なんで、こう違うんだろうな~。広規さんとかオガンちゃんのベースってのは一度弾き出すと、まるで音を立てて(実際に音は出してるんだけど…)バンドが動き出すよのがわかるような感覚を受ける。
今日もタップリそれを味あわせて頂いた。
さて、さてさて、ここで話題はチト変わる。
今日、2013年10月30日、広規さんと誠さんのコラボ作品の第3作にして最終作の『FUTURE DAYS』が発売された。
2人の他に青山純。Ma*To、マック清水、ゲストで北島健二なども加わった重厚なる一撃。
内容は他2作同様過去に録音されたものだが、何でまた今までオクラに入ってたのと誰もが首をかしげたくなるような仕上がりだ。

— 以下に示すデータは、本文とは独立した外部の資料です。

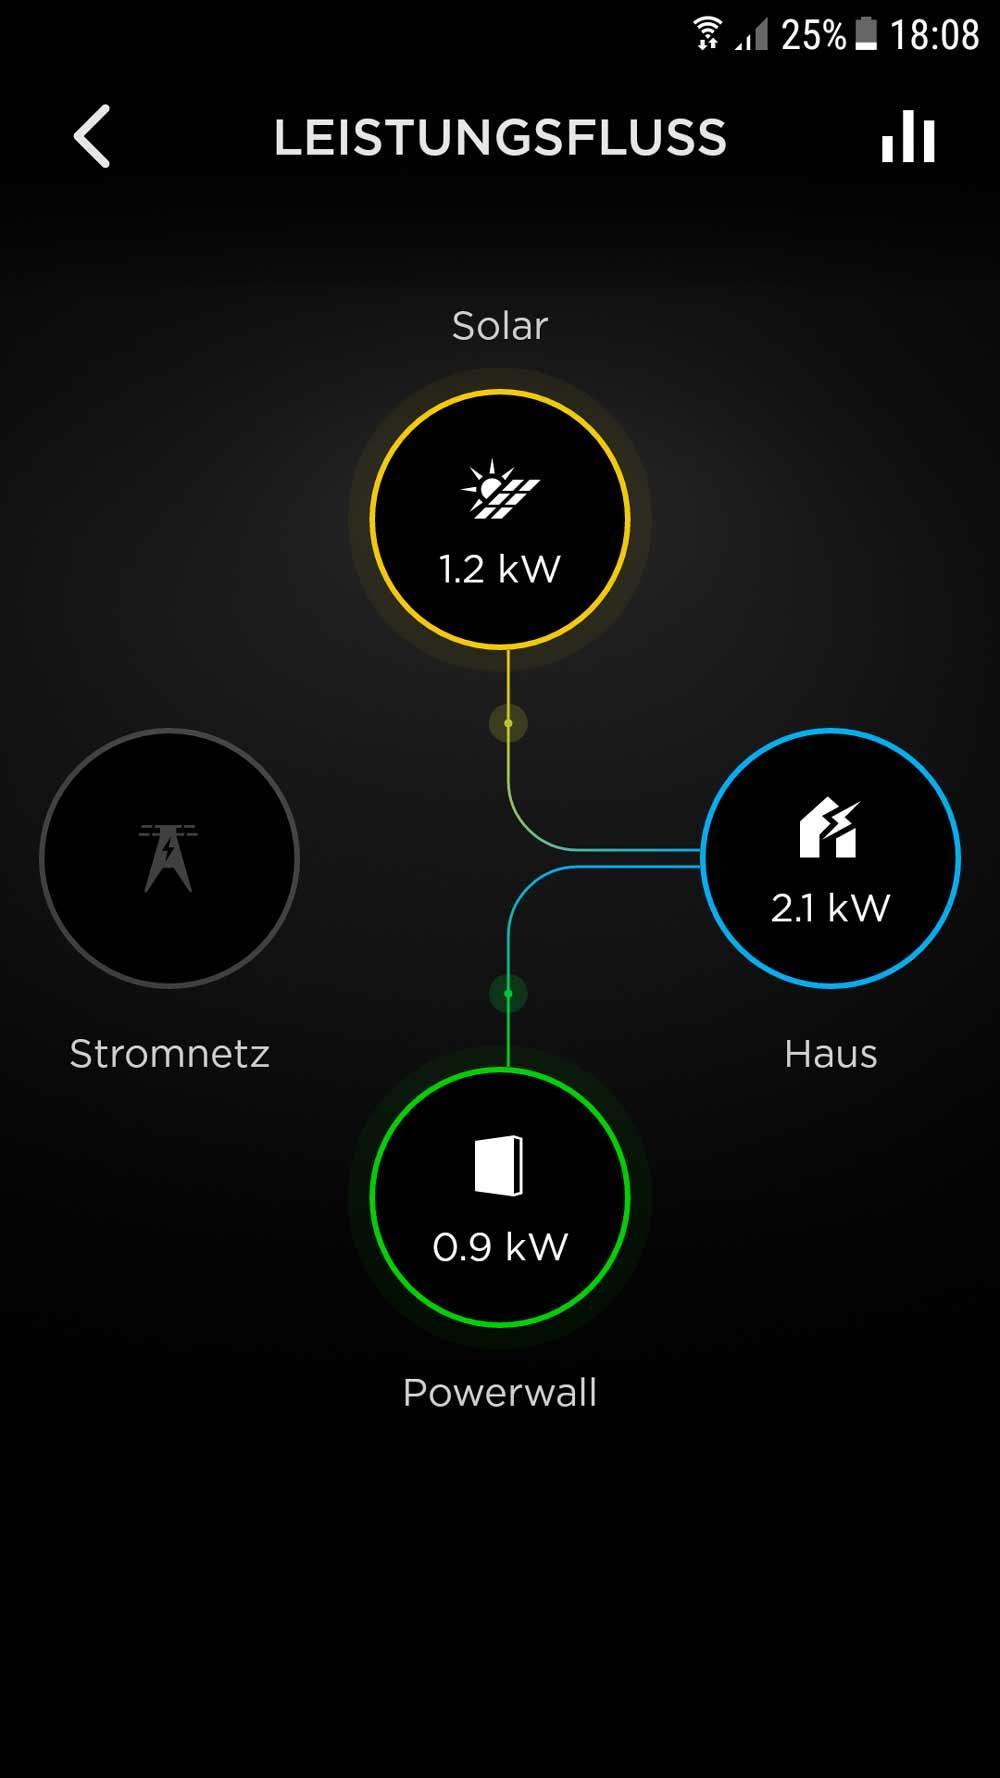 Screenshot_1-Leistungsfluss.jpg

『Water Color』、『ON EARTH/NEBULA』同様、今回もライナー・ノーツを書かせていただいた。
これで『Relaxin' at IWAKI ALIOS』、『A*I』に引き続き、連続で5作ライナーを担当させていただいているが、毎回書いていて実に楽しい。
ま、大した文章でないのが申し訳ないが、今まで書き澱んだということがない。聴いてすぐにドバーっと書いて、後は文字を切り詰める作業に時間をかける。実はコレが大変な作業なのだ。
何しろ書きたいことや言いたいことが山ほどあるから。
『Relaxin'』は文字数無制限だったので、1曲ずつ解説して、9,000字ほどブチ込ませて頂いたが、他の諸作は紙幅が限られていたので、もう縮めるのに一苦労!
この『FUTURE DAYS』をお手にされた時、我が拙文にもお目を通して頂ければ光栄至極である。
ジャケットのデザインはやましたみか。みかさんとも『Relaxin'』からずっと一緒にお仕事をさせていただいている。私のヘタな写真を選んで、並べる。つまらん文章をスペースに押し込む。そのご苦労には感謝して余りある。
今回も3作を通して統一した雰囲気の中に一作ずつ内容を主張させているかのようなデザインが素晴らしい。
ノリにノッてる広規さん。益々のご活躍を期待するばかりである。